Everyone would like to make a profit out of the money they have. Unless the sum of money is small, putting it in the bank is not a wise choice. The rate of interest given by the bank is so small that inflation will just eat up most of the profit. The most profitable investment but riskier one is on the stock market. Investing on the stock market is more of an art than a science. An investor will initially take a look at the fundamental data of a company to see how it is performing. You don’t want to put your money in a company that will close in a month.

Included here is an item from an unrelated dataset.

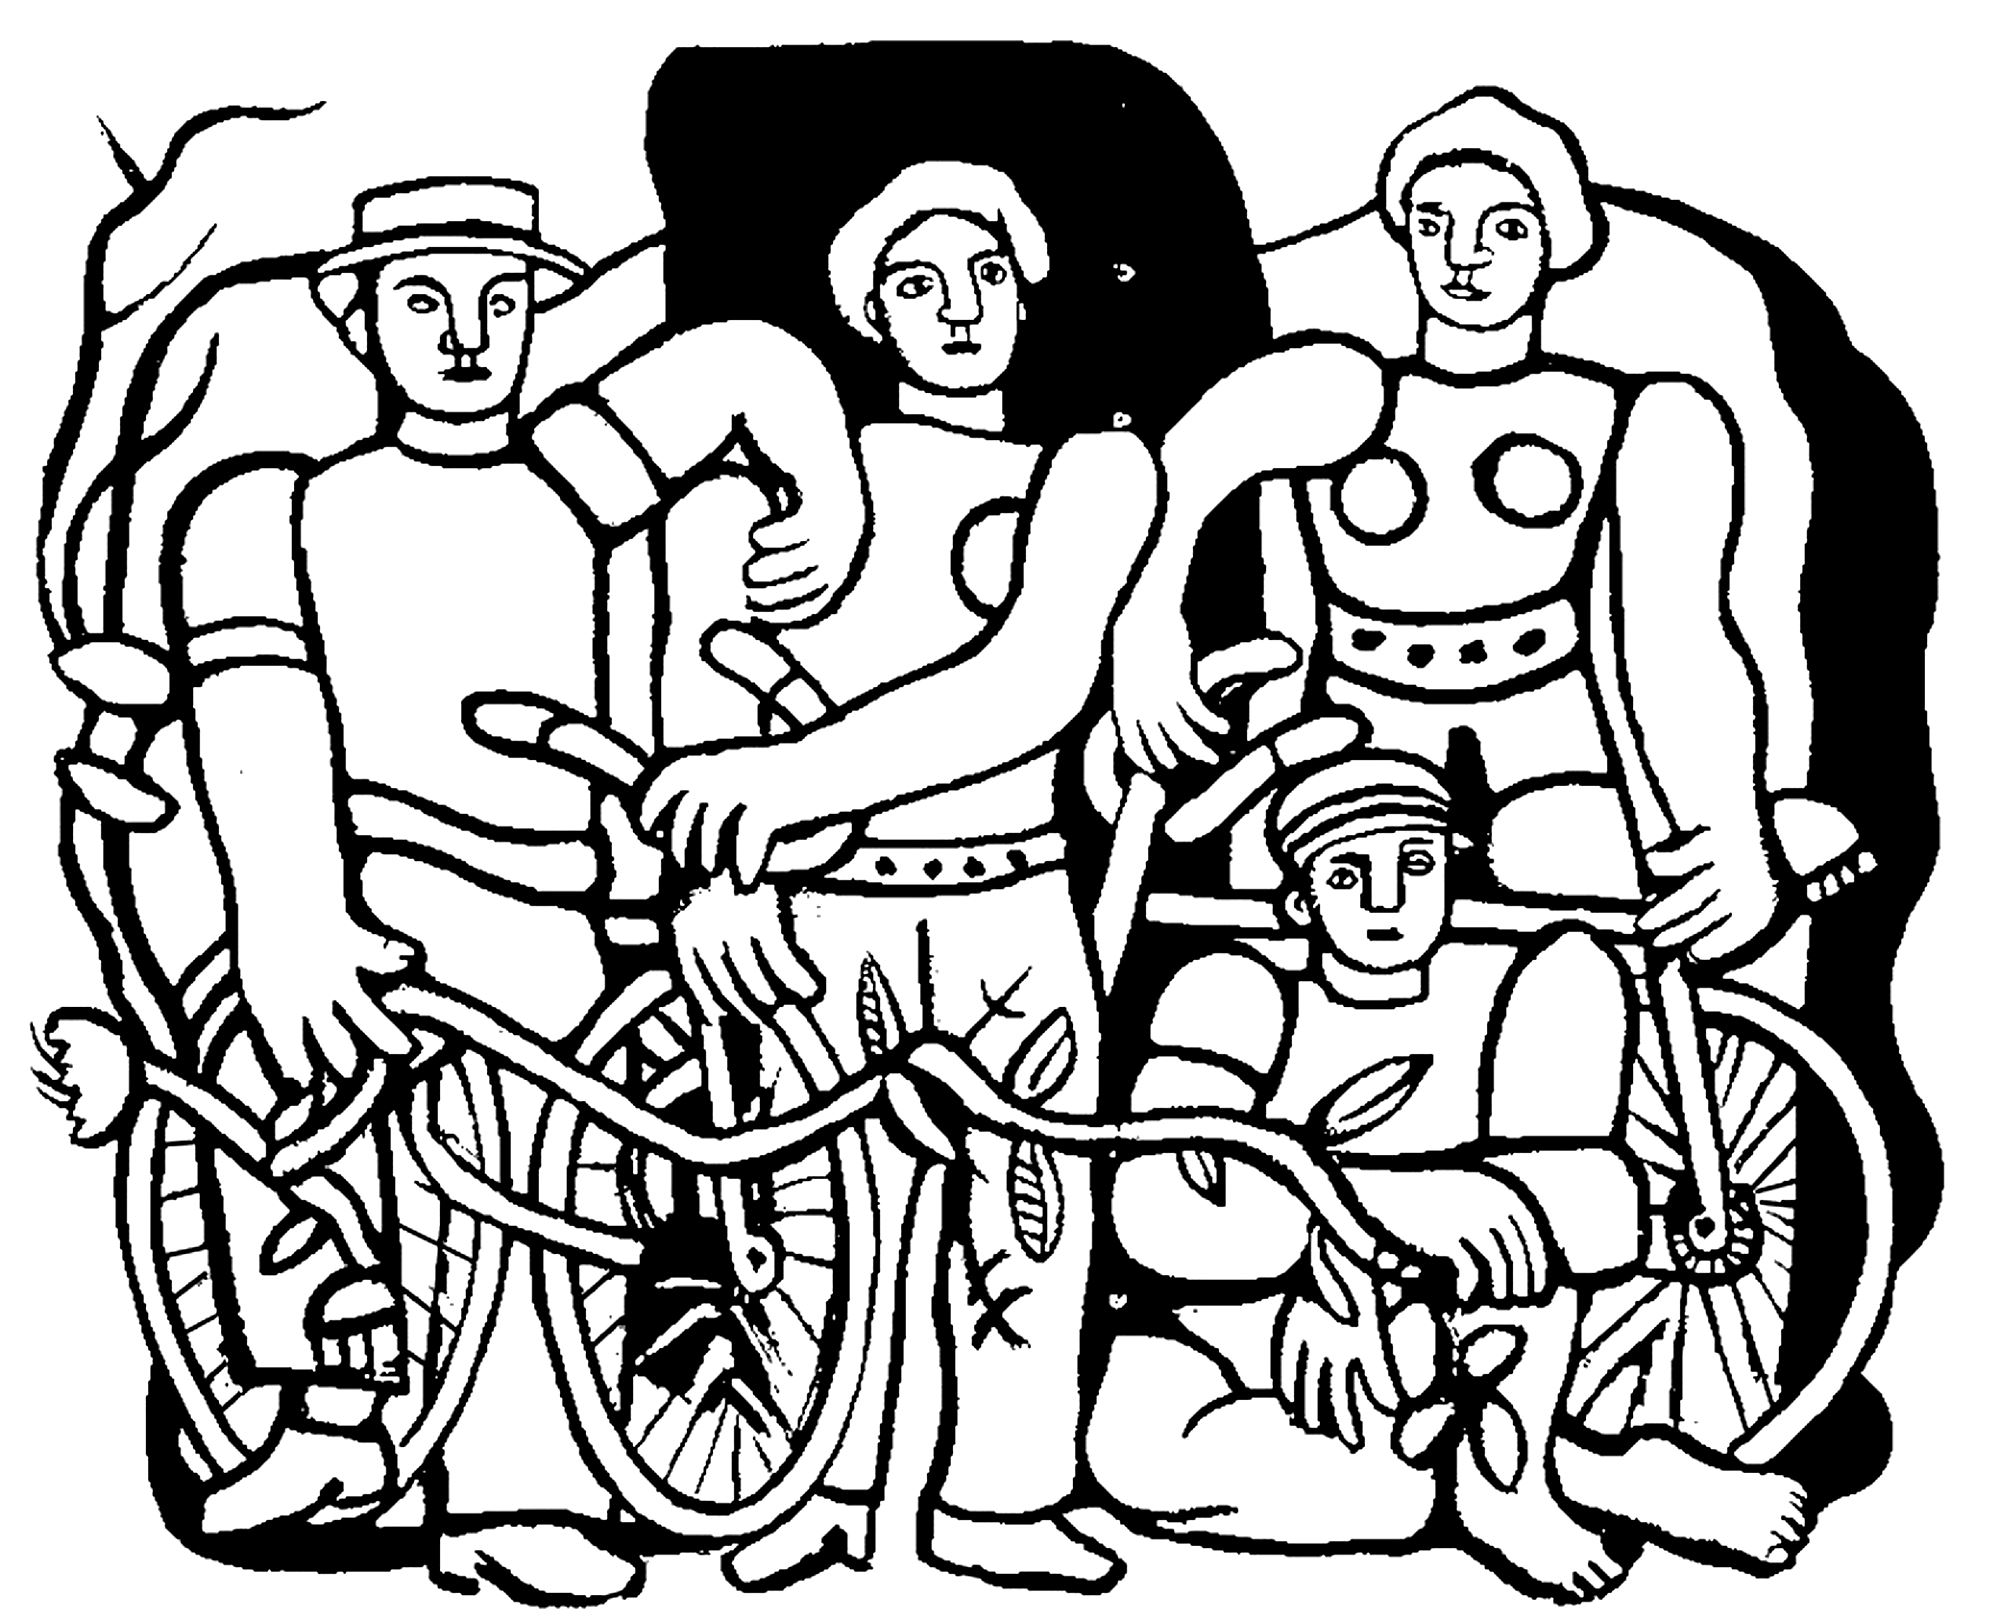 Coloración creada a partir del cuadro de Fernand Léger: La belle équipe (1944)

After identifying potential companies, the next question is how much of each security should one purchase in order to maximize your profit while at the same time minimizing the risk. There is a risk involved when buying such securities. The price per share of a security changes frequently in a day. As an example, if you purchased 100 shares of security A at a price of $1 per share and suppose that on the tenth day the price rose to $1.50. If you decide to sell all your shares on that day, your profit will be $50 or 50% of your initial investment. If however, the price per share declined to $0.9, you will lose $10 or 10% of your initial capital. In this discussion, we consider the closing prices.

Risk and Expected Return

How then do we calculate the risk involved in holding shares of a security? The risk depends on how long you are going to keep those shares before selling them.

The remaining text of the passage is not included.